It’s hard to keep up with company changes in the biotech world, but a recent published study in the Annals of Oncology, the official journal of the European Society for Medical Oncology (ESMO) includes highly intriguing results of an unusual combination for advanced pancreatic cancer (ductal adenocarcinoma of the pancreas) of gemcitabine and the fully human monoclonal antibody (Mab) AGS-1C4D4.

This particular Mab has been developed by Agensys, Inc., which is an affiliate of Astellas Pharma Inc. (of Japan) and which also now includes the company OSI Pharmaceutical in their fold – that has given us Tarceva, one of the few drugs to be approved by the U.S. FDA (in combination with gemcitabine) for the treatment of pancreatic cancer.

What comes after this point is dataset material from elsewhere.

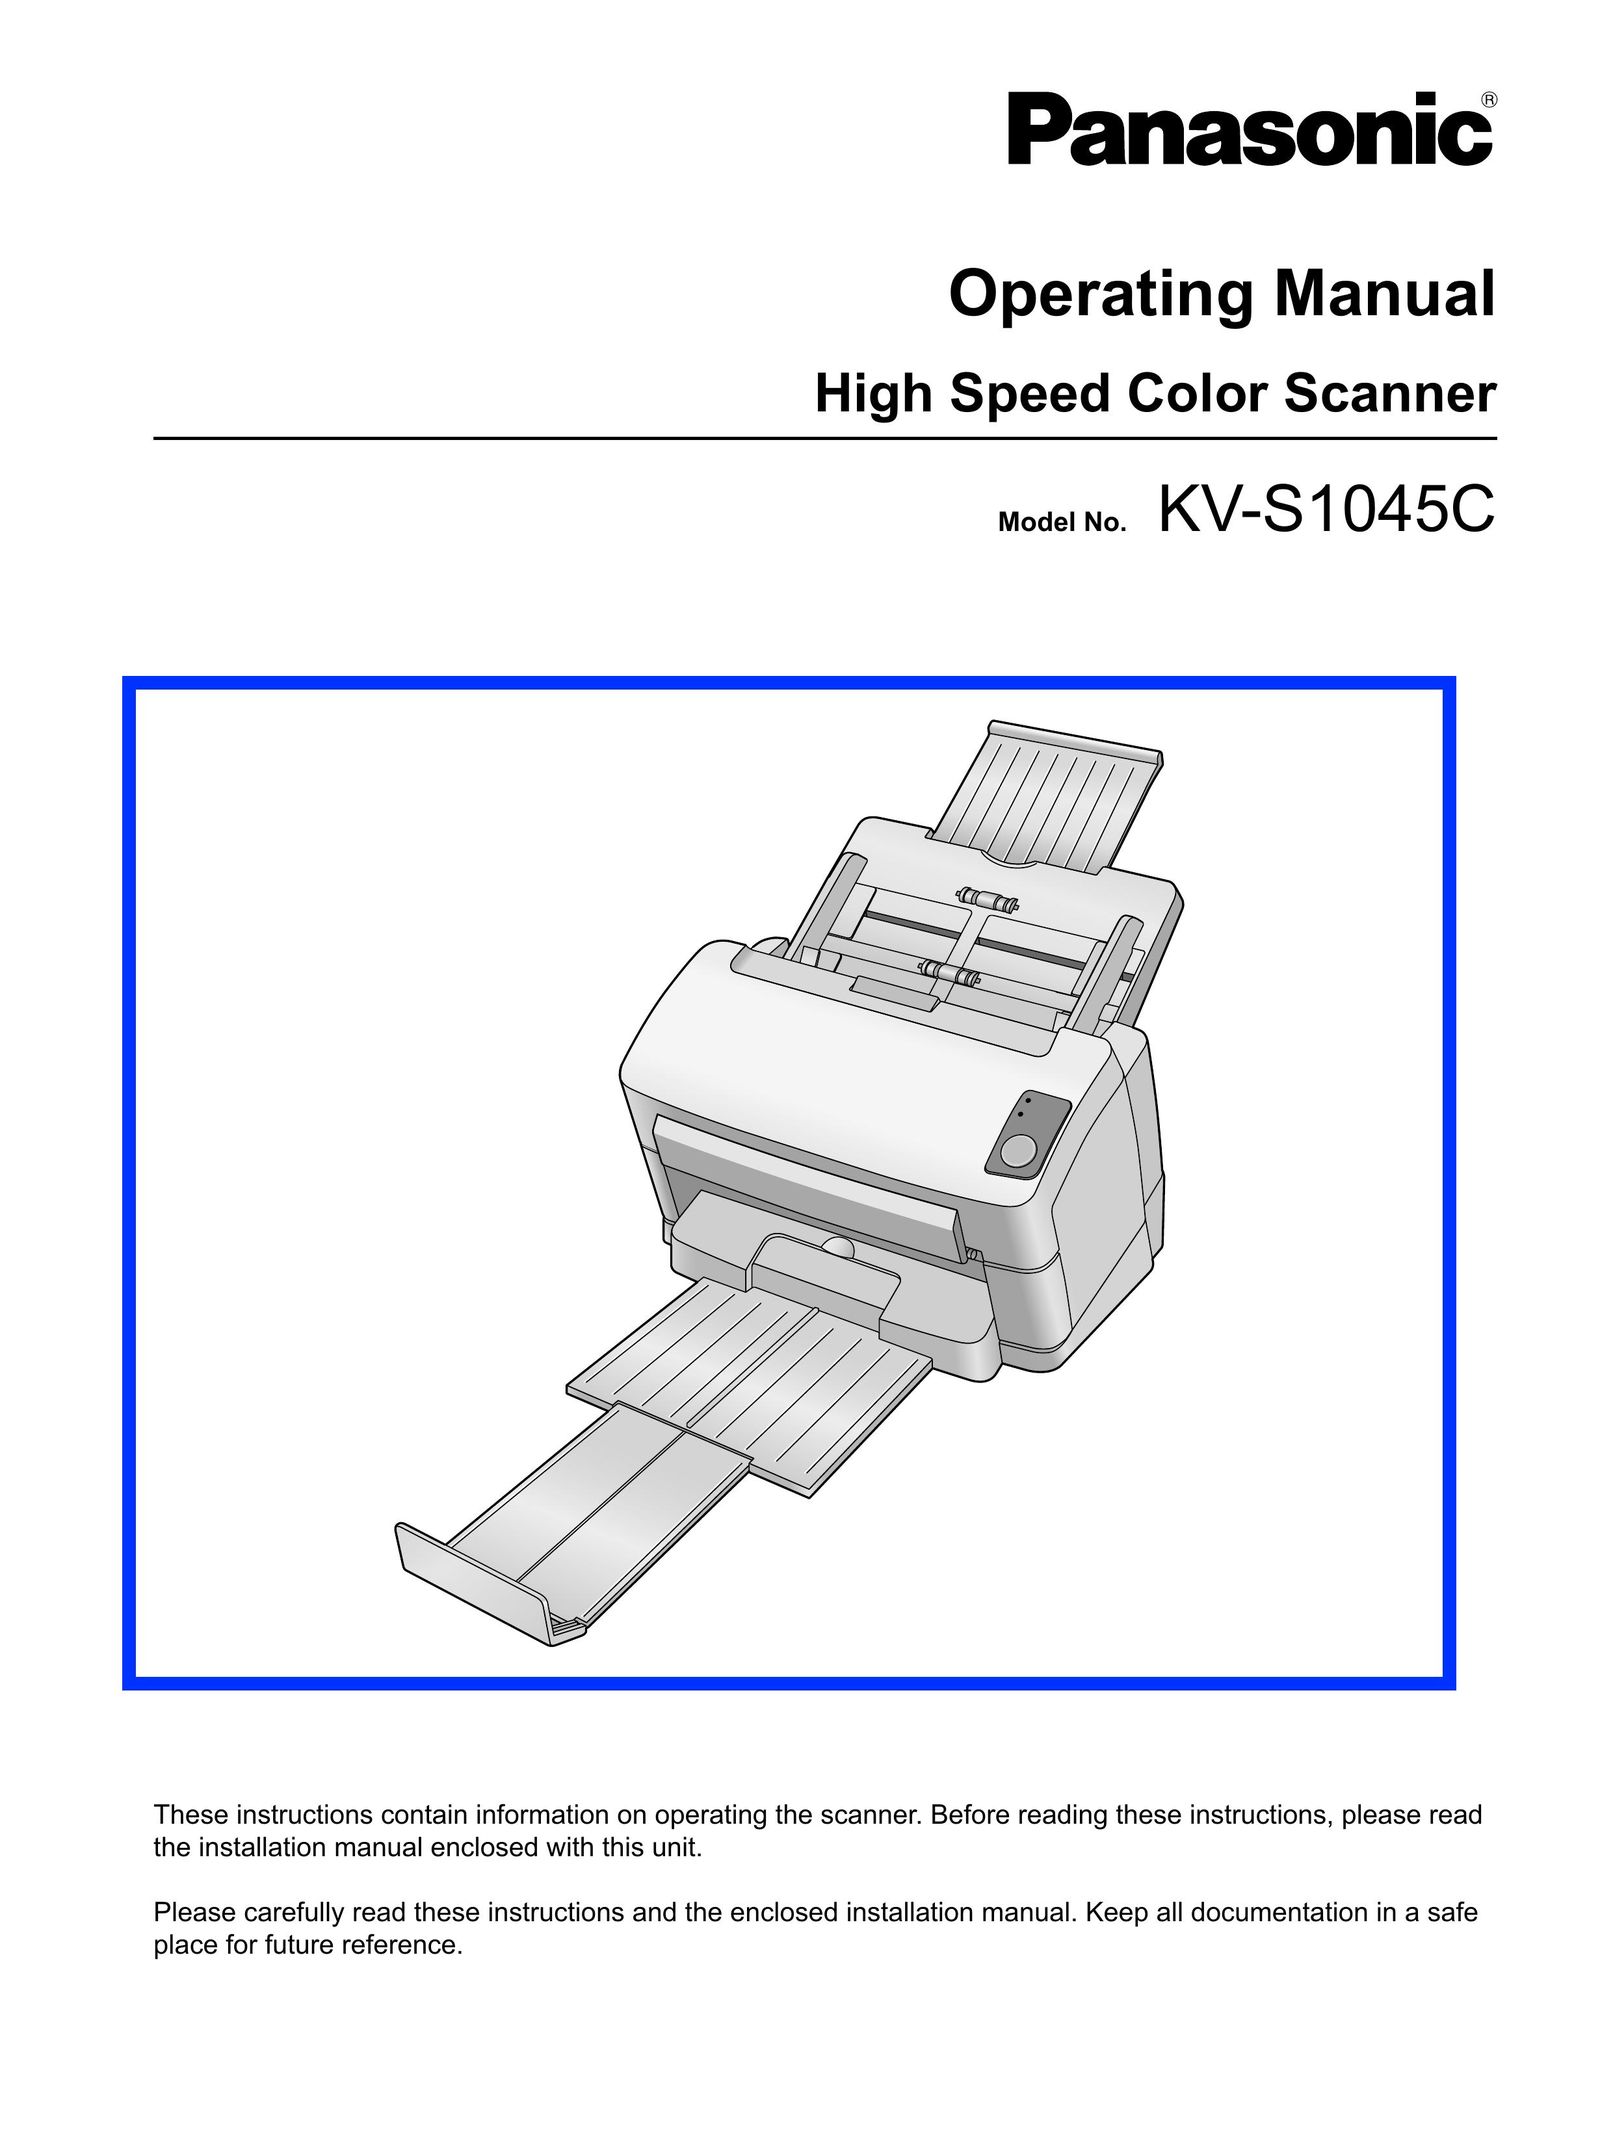 Panasonic KV-S1045C Scanner User Manual

In any case, the researchers of the study in question were from worldwide institutions, as anchored by M Hildago, published under the Dana-Farber (Harvard) Cancer Institute, involved ECOG institutions in the United States, and also included Pancreatica Science Board member, Eileen O’Reilly, MD of Memorial Sloan-Kettering Cancer Center.

They looked at 196 chemo naïve patients with advanced pancreatic cancer who were randomly assigned to receive either gemcitabine alone (63 patients) or the combination of gemcitabine and AGS-1C4D4 (133 patients).   At six months the median survival rate was 57.1% in the gemcitabine arm of the trial, and was 79.5% in the combination arm.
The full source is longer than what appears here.